I am trying to create a .net regex that will capture the whole string into different groups. 我正在尝试创建一个.net正则表达式,它将整个字符串捕获到不同的组中。 Capturing the groups is easy but capturing the rest is beyond me. 捕获组很容易,但是捕获其余的部分超出了我的范围。

The [BBCode] markers could happen anywhere in the string, or be the only thing, or not be present at all. [BBCode]标记可能出现在字符串中的任何地方,或者是唯一的,或者根本不存在。 There also maybe [ brackets ] in the string. 字符串中也可能有[方括号]。

Having group names would be a bonus. 具有组名将是一个奖励。

class Program
{
    static void Main(string[] args)
    {
        string input = "thinking [ of using ] BBCode format [A=16] and [E=2] here [V=8] and so on";
        string regexString = @"((\[A=[0-9]+\])|(\[E=[0-9]+\])|(\[V=[0-9]+\]))";
        MatchCollection matches = Regex.Matches(input, regexString);

        foreach (Match match in matches)
        {
            Console.WriteLine(match.Value);
        }
   }
}

The result I am after is (one group per line) 我得到的结果是(每行一组)

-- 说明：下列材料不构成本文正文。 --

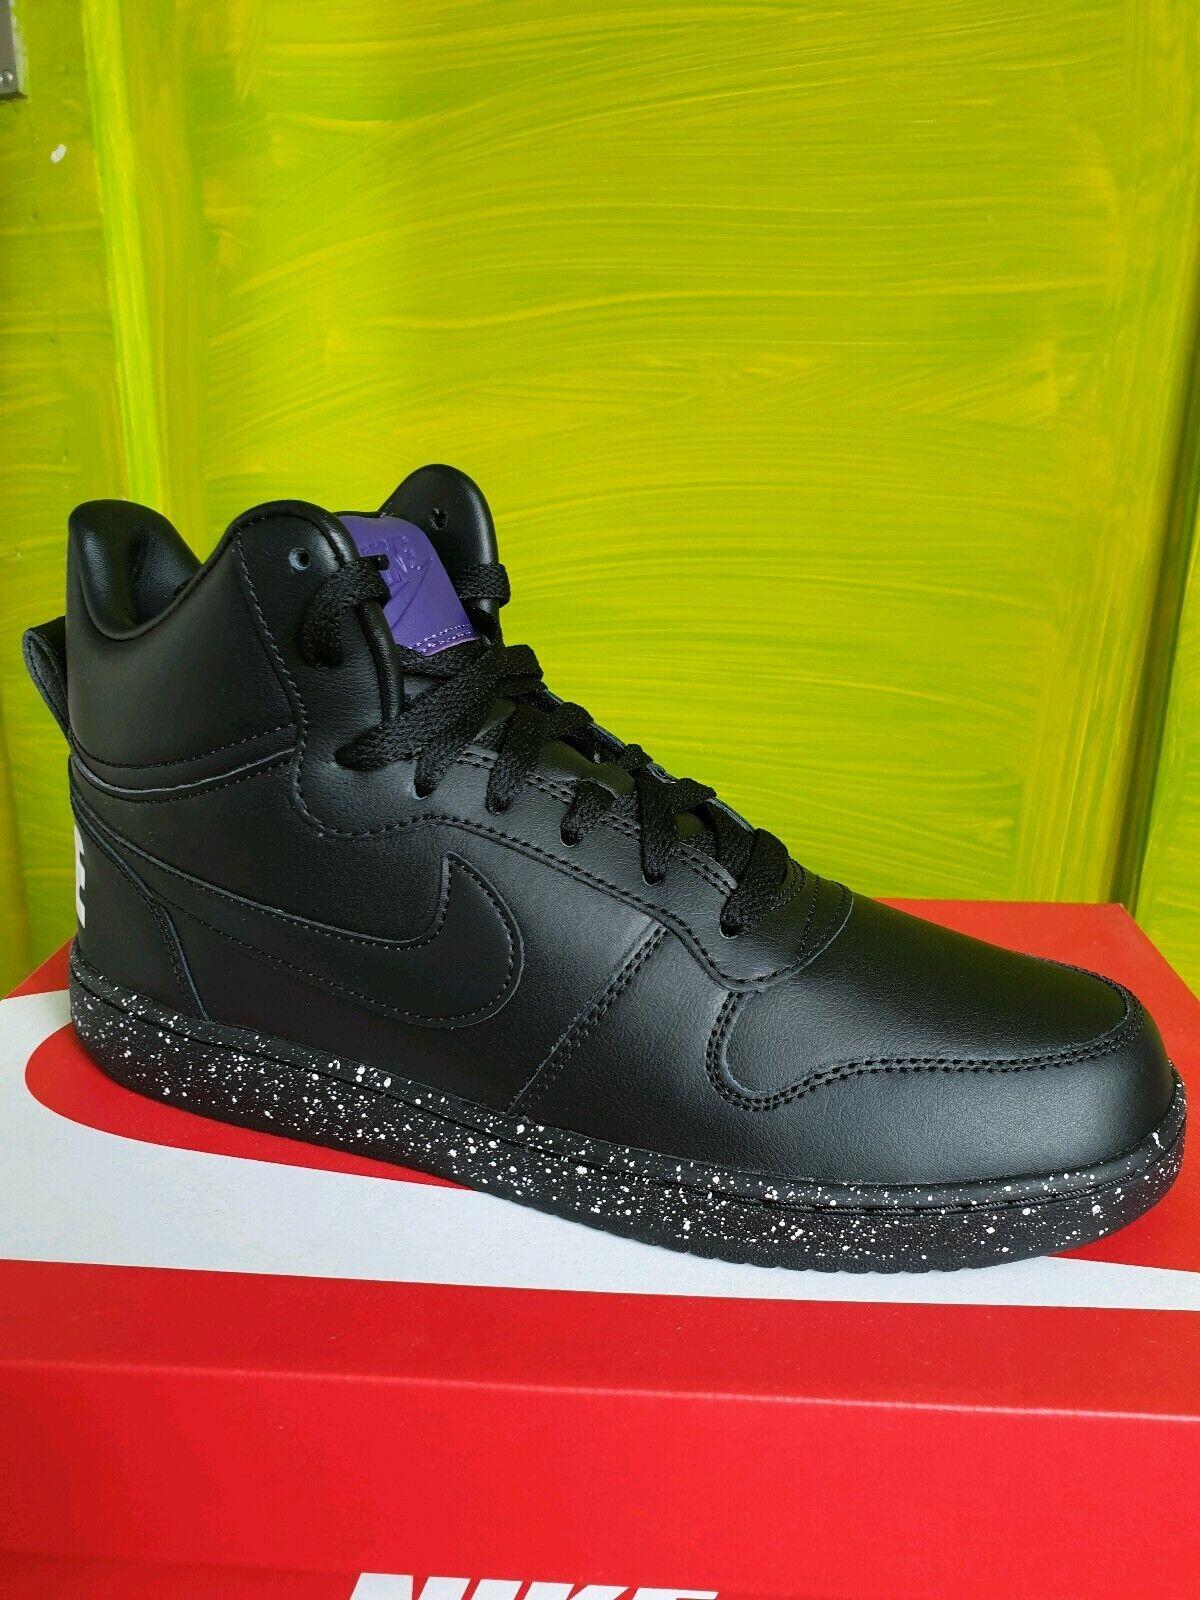 Nike Turnschuhe , schwarz , sport, court bGoldugh mid , 916759 001 Gr.42 ,UK 7,5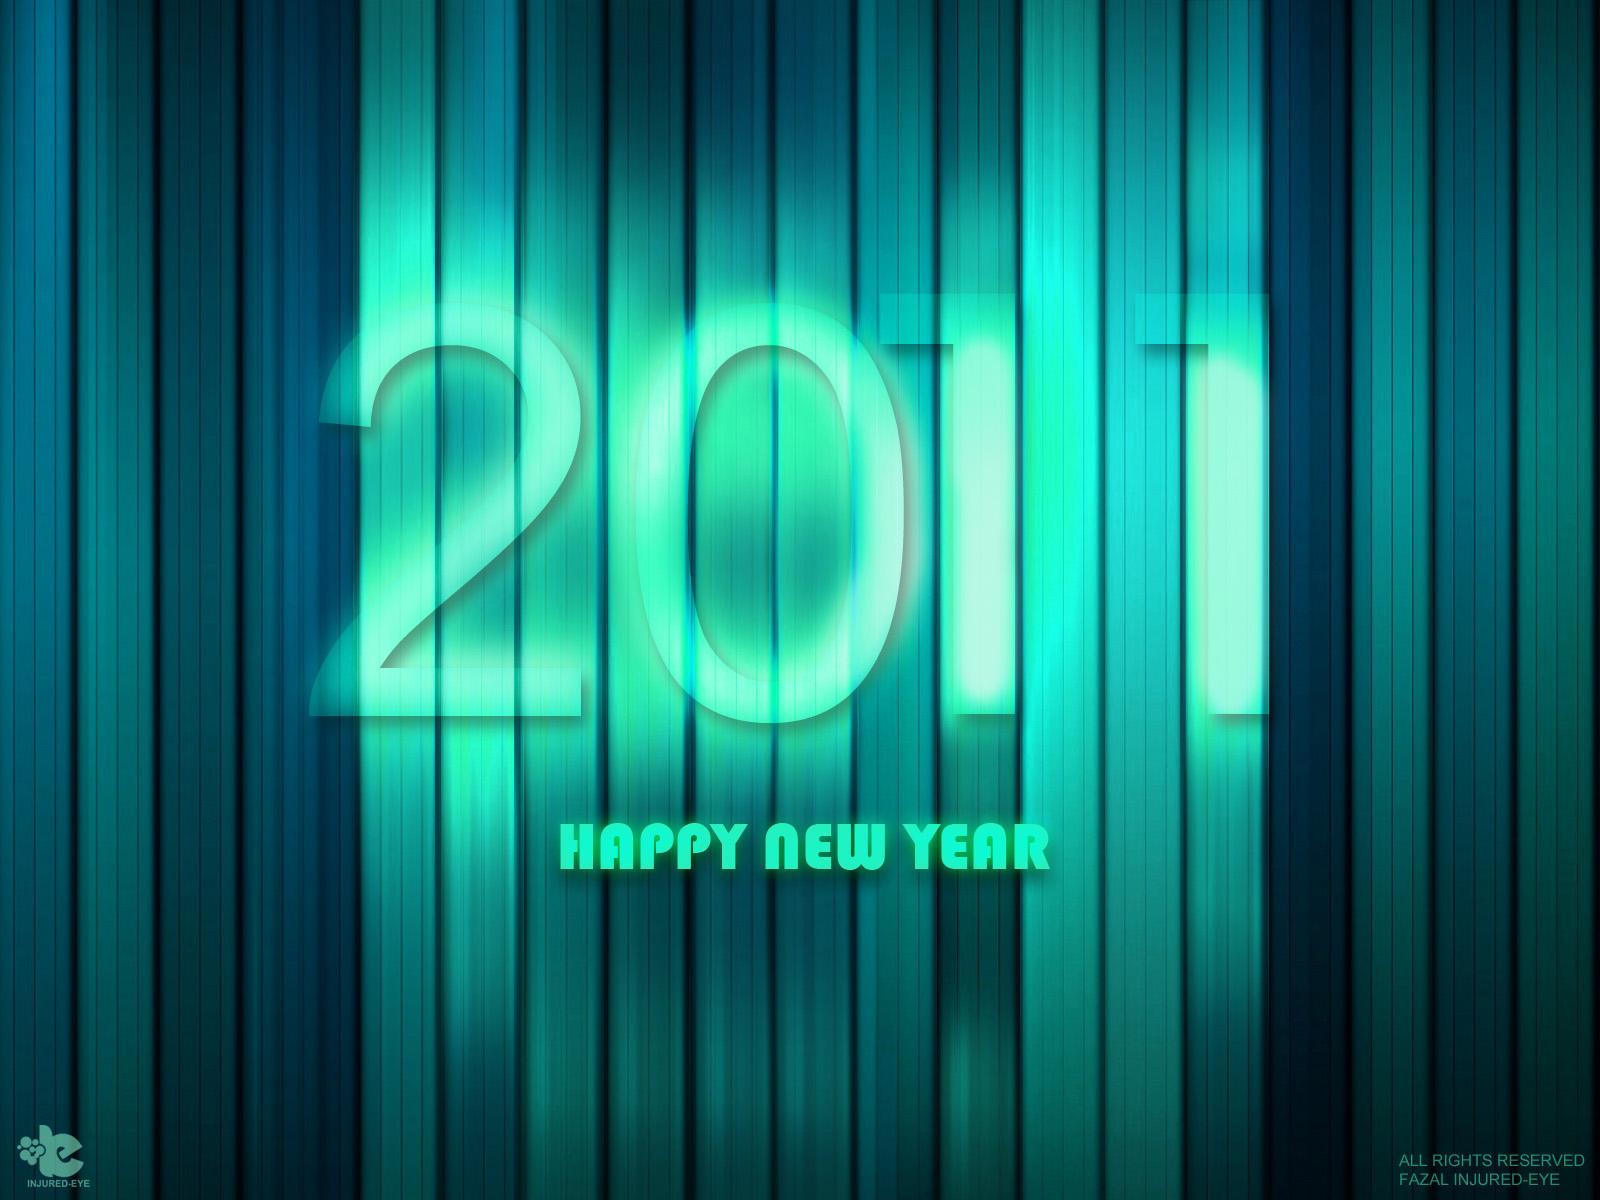 http://3.bp.blogspot.com/_8_CLn-I1Tfc/TRonwXpmerI/AAAAAAAAAHU/AZStRn5UzJw/s1600/new+year+2011.jpg

thinking [ of using ] BBCode format 想[使用] BBCode格式

[A=16] [A = 16]

and

[E=2] [E = 2]

here 这里

[V=8] [V = 8]

and so on 等等

    string input = "thinking of[ using BBCode format [A=16] here [E=2] and [V=8] and so on";
    var firstText= Regex.Match(input, @".+?(?=\[A)"); //Match until [A
    Console.WriteLine(firstText); //thinking of[ using BBCode format 
    input = Regex.Replace(input, @".+?(?=\[A)", "");
    var AValue = Regex.Match(input, @"\[A=[0-9]+\]"); //Match the value of A
    input = Regex.Replace(input, @"\[A=[0-9]+\] ", "");
    Console.WriteLine(AValue); //[A=16]
    var AText = Regex.Match(input, @".+?(?=\[)"); //Match the text after A
    Console.WriteLine(AText); // here

One huge regex is hard to understand, so I would just use some more lines on this. 一个巨大的正则表达式很难理解,因此我将在此使用更多行。 This for example matches the wanted text and then removes it from the input. 例如,这与所需文本匹配,然后将其从输入中删除。 This way you can capture the groups one by one and it's clear which part of the code captures which text, in case the regex needs to be modified in the future. 这样,您就可以一个一个地捕获组,并且很清楚,代码的哪一部分可以捕获哪个文本,以防将来需要修改正则表达式。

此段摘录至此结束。